She laid a thin hand over her glass. "One's my limit."
"You can't say no to champagne."
"No," she said. "Really."
But Henry, teeth gleaming in the candlelight, drew the bottle out of its wastebasket and raised it teasingly over her spread fingers. "The night is still young."
"Don't."
"Move it or lose it."
"Stop."
"You're going to make me spill."
"Cut it out, Henry!"
But he knew not to stop. He kept tilting the bottle until she had to snatch her hand away, laughing, at the last possible second to catch the wine as it fell. "Okay," she said. "Okay. But just this one." He filled her glass, and she took a sip, smiling ruefully. She was swaying ever so slightly to the music. "Is that a saxophone?"

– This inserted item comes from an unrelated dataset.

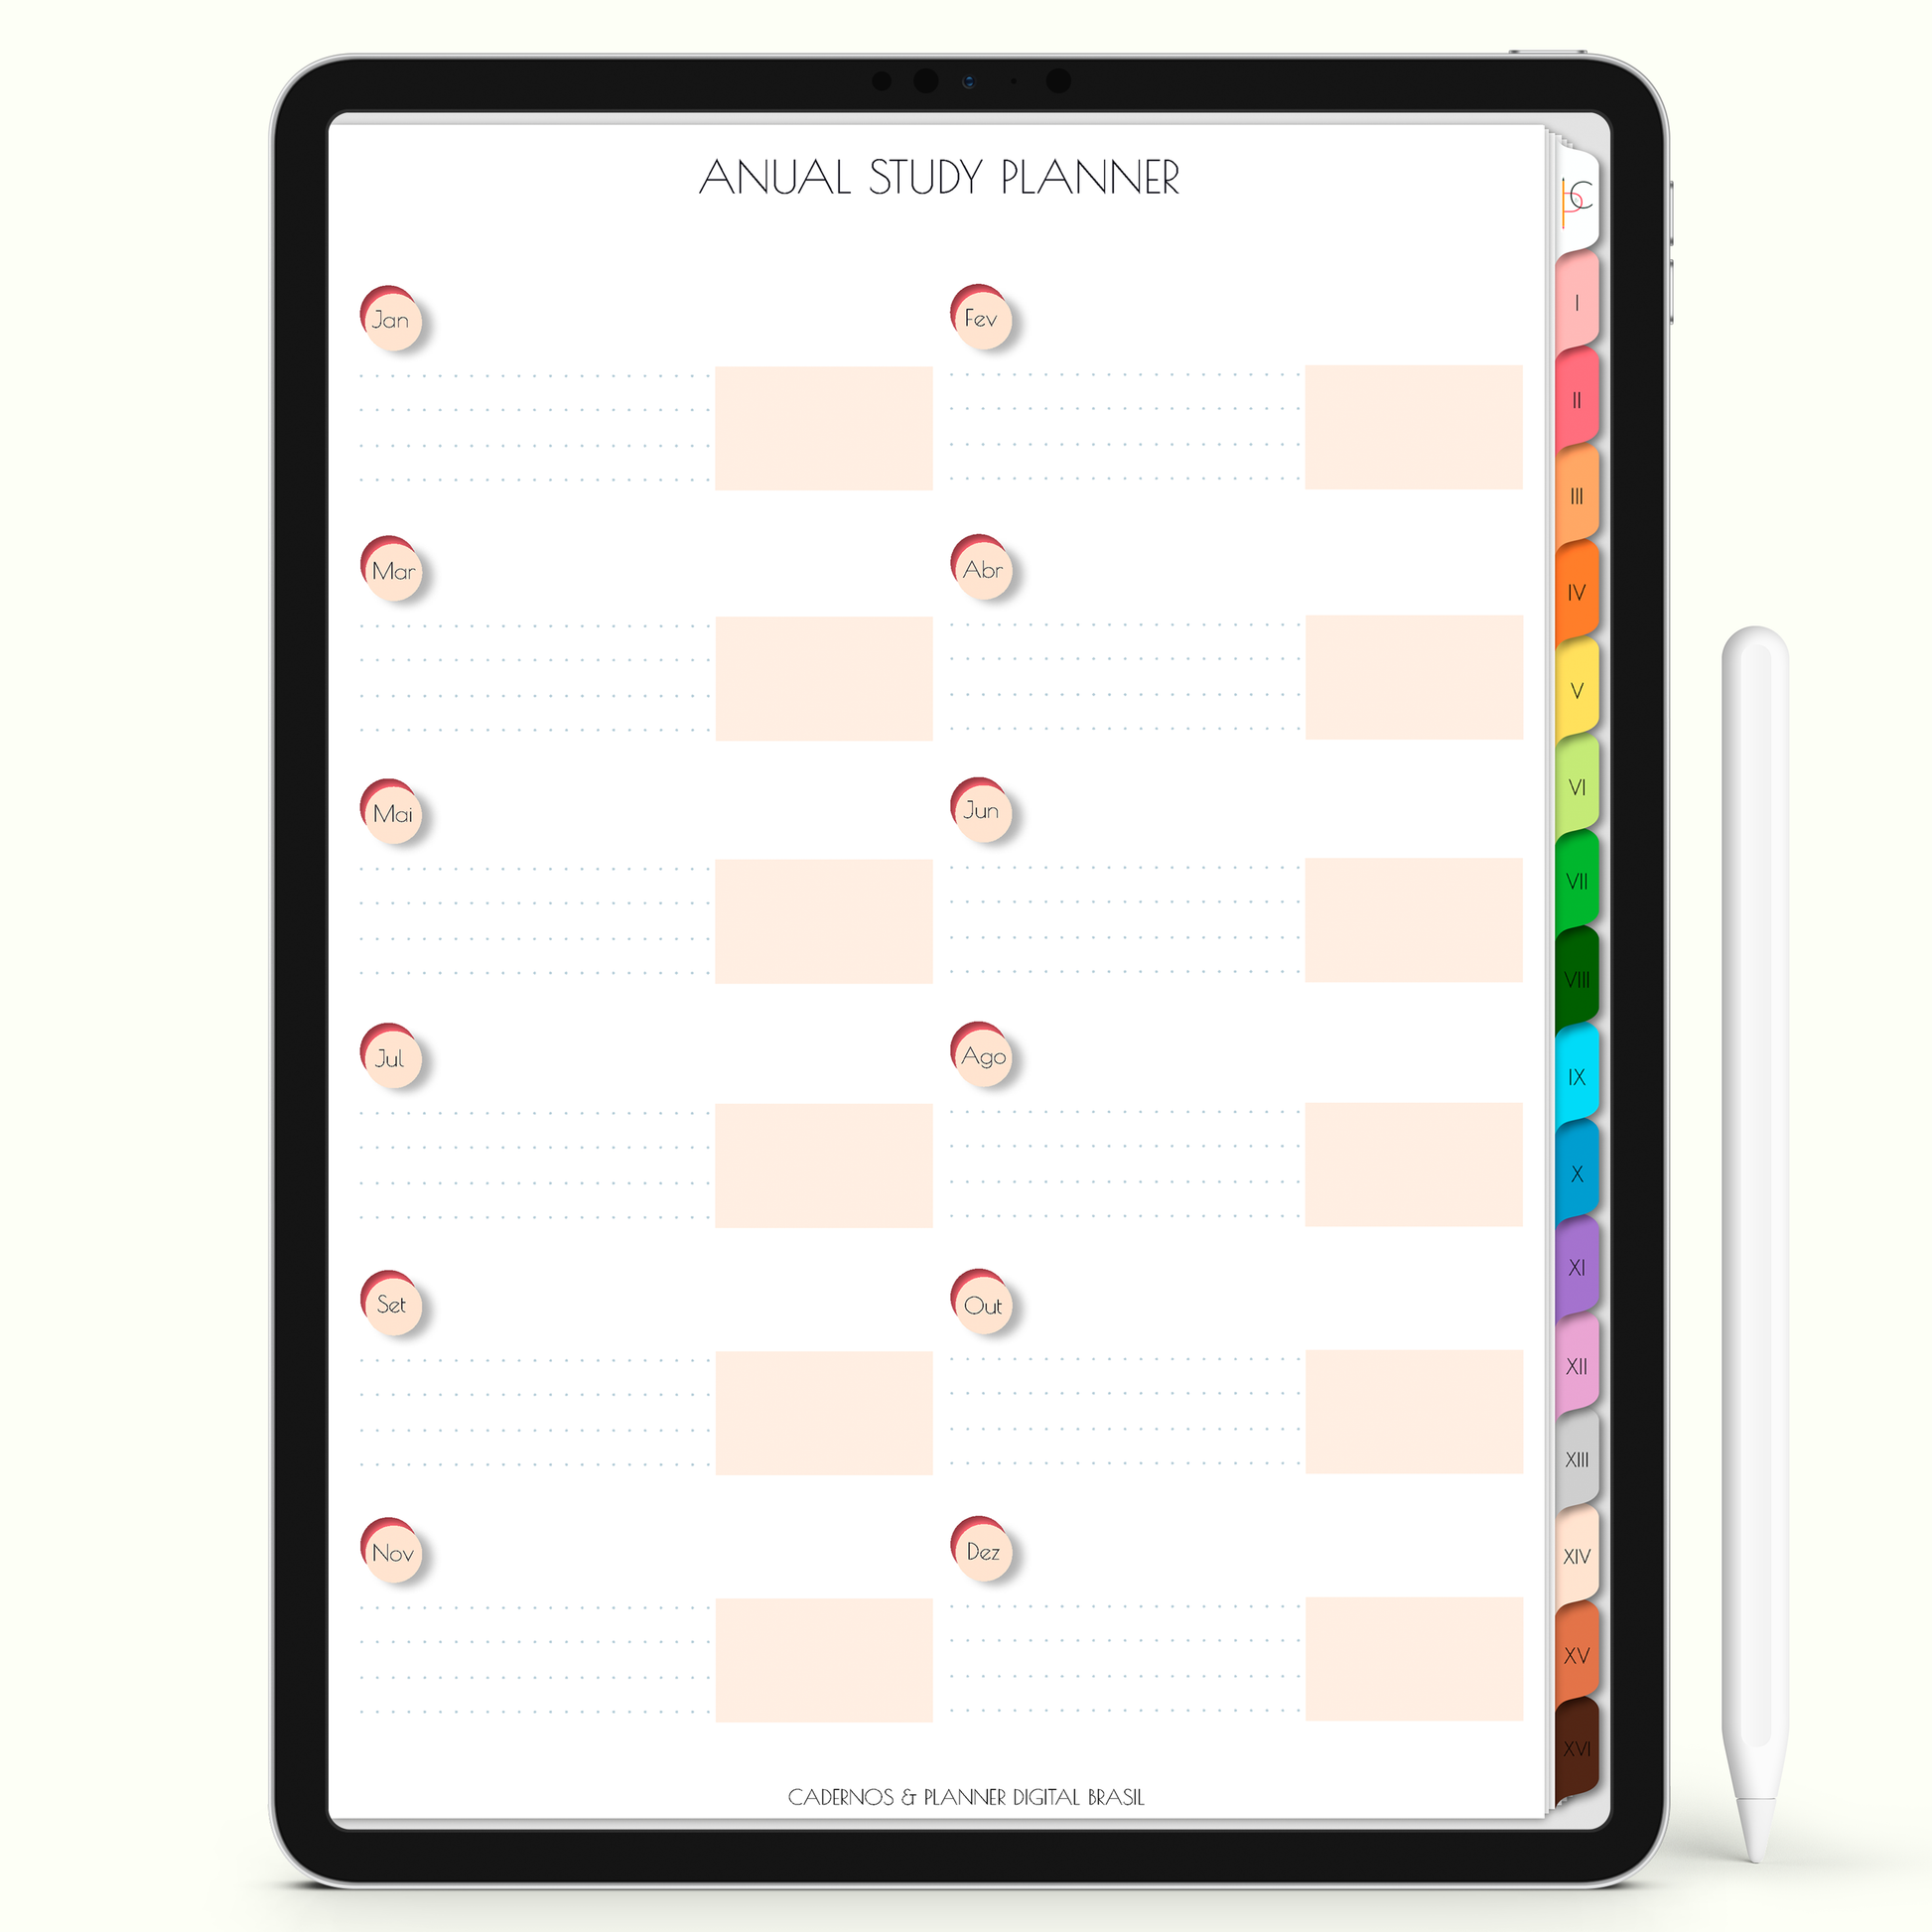 Caderno Digital Colors 16 Matérias - página anual Study Planner para iPad e Tablet Android. Cadernos & Planner Digital Brasil

"Clarinet. Benny Goodman plays a clarinet."
"It's like the tail of a kite," she said.
"Exactly." He was nodding happily. "It's just like that."
I stood there, staring at the two of them. I wondered if, in the candlelight with the music playing and the wine catching the light as if it were electrically charged, this woman had any idea what kind of a man my father was. If she could tell that he'd never poured a glass of champagne in his life, that the jacket he was wearing didn't really fit, that all he knew about Benny Goodman was what instrument he played. I wondered if, under all these conditions, she could still tell what a complete flake he could actually be. But all she said, with her head tilted slightly, gazing up at him was, "How tall are you?"
"Five-ten."
Henry Bailey, Sr., had been five-seven at age sixteen, five-eight at twenty, and five-eight-and-a-half from twenty-one to fifty-one.
"That's a good height," she said. "Do you want to dance?"
"I'm not much for dancing."
"It's easy."
"Not for me."
With a smile she stepped closer, raising her champagne flute and touching it to his. It gave a little timorous clink. "Just follow the glasses," she said, and slipped her left hand onto his shoulder.
With his glass held like a bouquet in his left hand Henry laid his other lightly on her slender waist. She began to move her wine slowly through the air, as if tracing the kite tail of the music, and he moved his own to match. Their feet shuffled almost accidentally to the rhythm in something that was not quite dancing, but was closer than anything my father had ever done before.
"Isn't that amazing," he murmured.
The music wound on, and the two of them swayed together following the movement of the sparkling crystal. And as they moved, each occasional stutter or uncertain step produced the thin, fragile ding of the glasses colliding.
At last the clarinet gave a final little swoop and died. The two figures stood there, uncertainly, then stepped apart, and together they peered in through the open window at the stereo, as if uncertain what came next. After a moment Henry whispered something, and she laughed. "If you say so."
"Trust me." He stepped inside, and then a moment later re-emerged.
"More clarinet?" she asked.
"I don't think so. He doesn't seem to be holding anything." He held up the empty CD case. "Wait, here it is. Saxophone."
"Good," she purred. "Saxophone is so sexy."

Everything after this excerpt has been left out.